* [Directions] All that should be output is the block of lines below from the line with "Disney Beauty And" to the line with "Tanvas dev kit", both included, exactly as written.

* [Material provided]
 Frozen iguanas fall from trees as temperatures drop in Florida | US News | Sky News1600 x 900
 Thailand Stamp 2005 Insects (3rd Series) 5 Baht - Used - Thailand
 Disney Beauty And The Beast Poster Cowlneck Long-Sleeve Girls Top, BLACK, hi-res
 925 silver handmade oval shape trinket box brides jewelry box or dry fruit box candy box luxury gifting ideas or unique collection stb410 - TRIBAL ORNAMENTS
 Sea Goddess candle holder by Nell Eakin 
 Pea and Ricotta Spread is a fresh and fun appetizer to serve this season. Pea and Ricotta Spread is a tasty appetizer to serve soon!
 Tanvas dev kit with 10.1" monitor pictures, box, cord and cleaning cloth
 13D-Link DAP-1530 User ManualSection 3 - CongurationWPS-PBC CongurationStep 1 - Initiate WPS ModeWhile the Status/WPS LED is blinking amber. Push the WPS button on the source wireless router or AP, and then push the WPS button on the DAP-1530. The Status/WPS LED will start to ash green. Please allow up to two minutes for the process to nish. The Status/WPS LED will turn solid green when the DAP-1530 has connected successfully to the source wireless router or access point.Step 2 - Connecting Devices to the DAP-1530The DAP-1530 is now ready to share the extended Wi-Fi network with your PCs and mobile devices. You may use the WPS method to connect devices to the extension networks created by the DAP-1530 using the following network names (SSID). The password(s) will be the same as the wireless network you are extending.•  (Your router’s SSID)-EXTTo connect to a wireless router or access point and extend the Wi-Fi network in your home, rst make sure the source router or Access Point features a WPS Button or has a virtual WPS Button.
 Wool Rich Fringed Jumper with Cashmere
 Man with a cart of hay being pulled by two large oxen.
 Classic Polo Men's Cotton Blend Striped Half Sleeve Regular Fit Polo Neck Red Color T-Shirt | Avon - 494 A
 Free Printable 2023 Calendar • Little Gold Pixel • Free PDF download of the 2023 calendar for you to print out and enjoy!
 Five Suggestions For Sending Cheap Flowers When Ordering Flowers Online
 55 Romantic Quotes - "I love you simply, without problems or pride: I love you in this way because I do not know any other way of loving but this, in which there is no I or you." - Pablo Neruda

* [Your solution]
 Disney Beauty And The Beast Poster Cowlneck Long-Sleeve Girls Top, BLACK, hi-res
 925 silver handmade oval shape trinket box brides jewelry box or dry fruit box candy box luxury gifting ideas or unique collection stb410 - TRIBAL ORNAMENTS
 Sea Goddess candle holder by Nell Eakin 
 Pea and Ricotta Spread is a fresh and fun appetizer to serve this season. Pea and Ricotta Spread is a tasty appetizer to serve soon!
 Tanvas dev kit with 10.1" monitor pictures, box, cord and cleaning cloth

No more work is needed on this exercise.